Is teaching online right for you?

Explore the pros and cons of e-instruction, the requirements necessary for teaching online and the ways you can find an online teaching job.

How to Qualify for Online Teaching Positions

In order to qualify for a position teaching online, applicants must generally meet the same requirements as traditional teachers. At the high school level, online teachers must have a bachelor’s degree and a teaching license. At the community-college level, a master’s degree is the minimum requirement for teaching online. At the university level, a doctorate or other terminal degree is generally required.

In some cases, colleges accept adjunct online professors without requiring them to meet the same standards as traditional, tenure-track teachers. Working professionals may also be able to land an online teaching position in relation to their chosen field.

At every level of teaching online, schools seek candidates who are familiar with the internet and content management systems such as Blackboard.

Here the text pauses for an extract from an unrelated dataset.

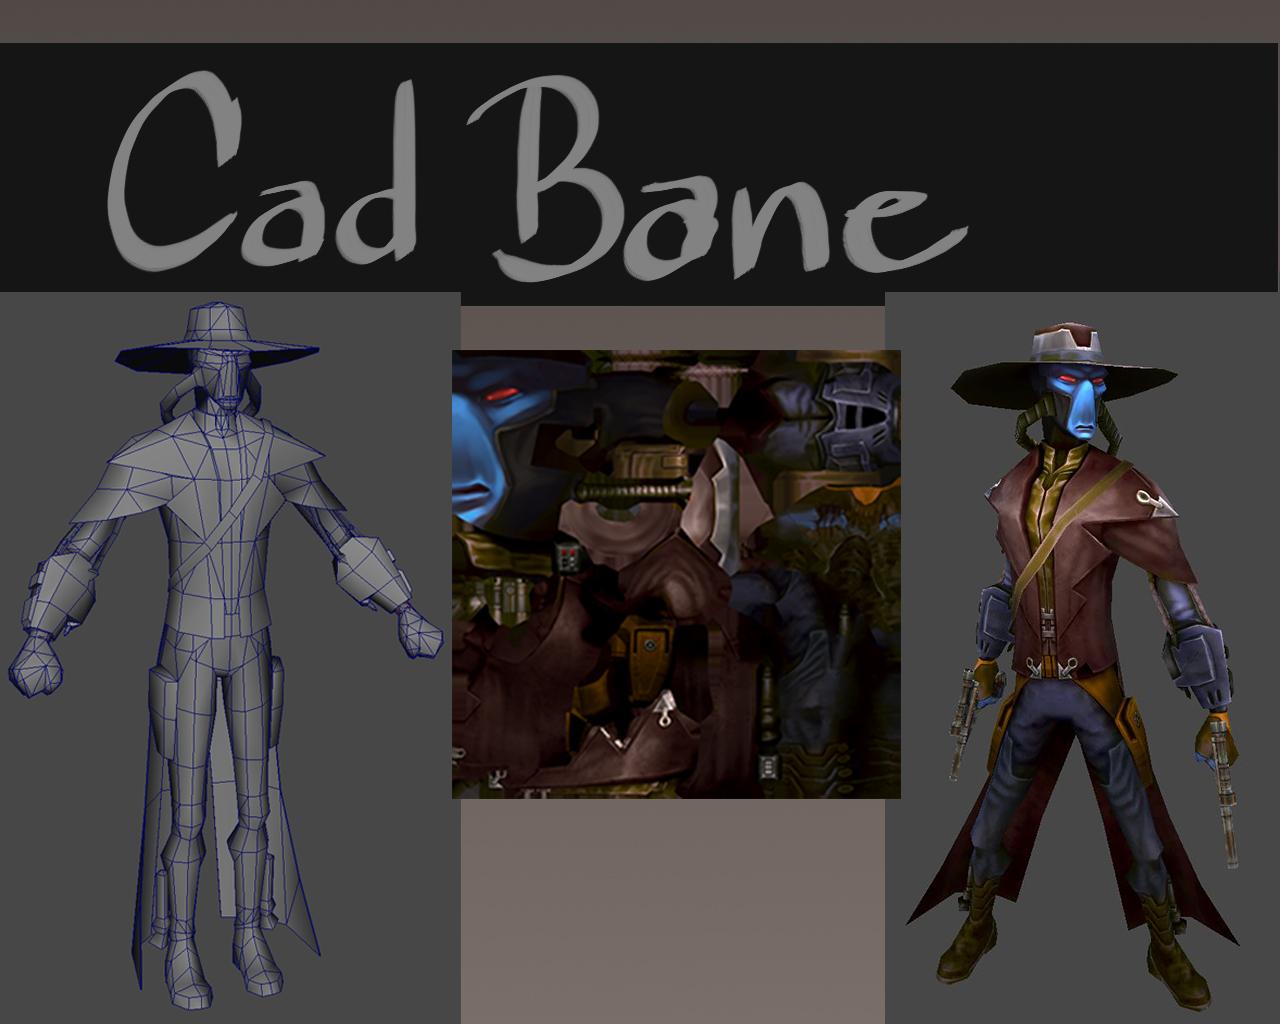 CadBane_3d.jpg

Prior experience with teaching online and instructional design is highly desirable.

Pros of Teaching Online

Teaching online has many advantages. Virtual instructors are often able to work from anywhere they choose. You could get a job teaching online for a prestigious school in another state and not have to worry about relocating.

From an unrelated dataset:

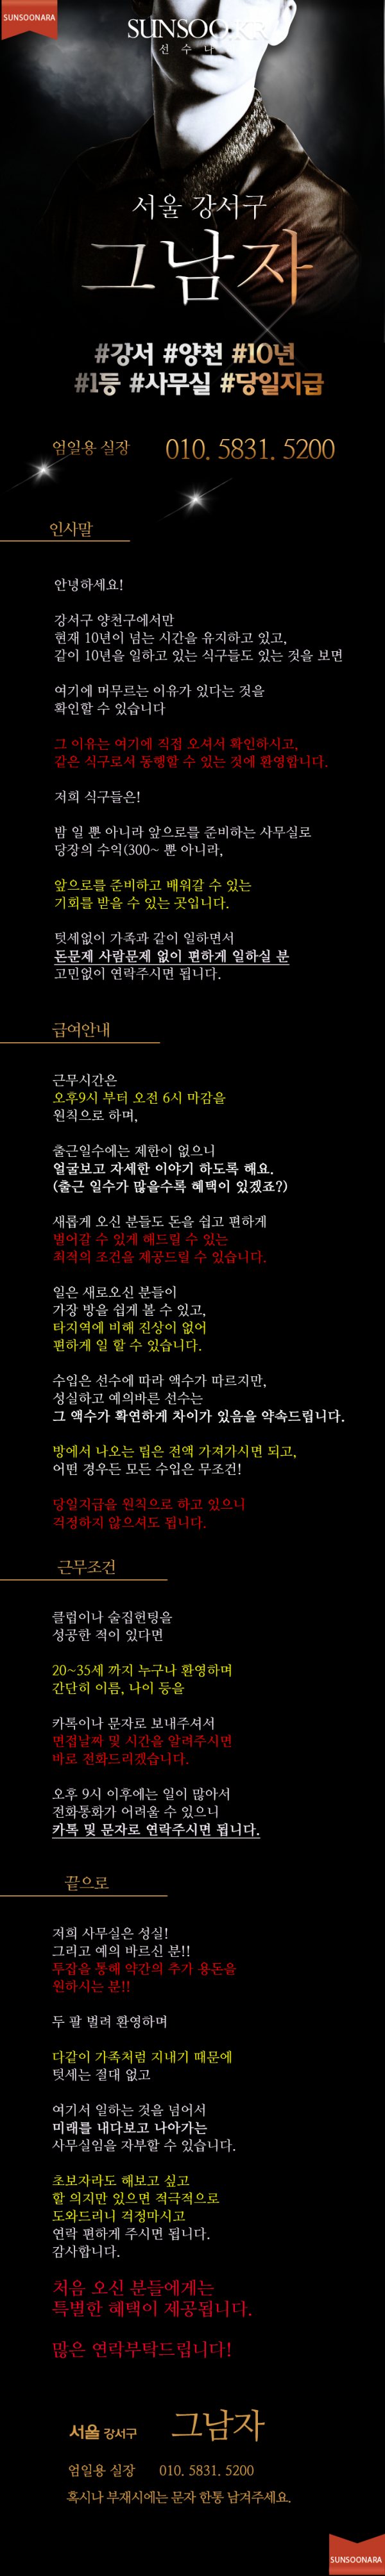 강서 그남자 엄일용.png

Since many e-courses are taught asynchronously, instructors are often able to set their own hours. Additionally, instructors who make a living at online instruction are able to interact with pupils from around the nation.

Cons of Teaching Online

Teaching online also comes with some drawbacks. Online instructors must sometimes teach a prepared curriculum, denying them the ability to use materials that have proved successful in past courses. Teaching online can be isolating, and many instructors prefer interacting face-to-face with their pupils and peers. Some schools do not value online adjunct teachers, which can result in less pay and less respect in the academic community.

Find Online Teaching Jobs

Some colleges fill online teaching positions by selecting from the current faculty pool. Others post job descriptions specifically for instructors interested in teaching online. Below are some of the best places to find jobs teaching online. When looking for positions on websites without a distance learning focus, simply type “online instructor,” “online teacher,” “online adjunct” or “distance learning” into the search box.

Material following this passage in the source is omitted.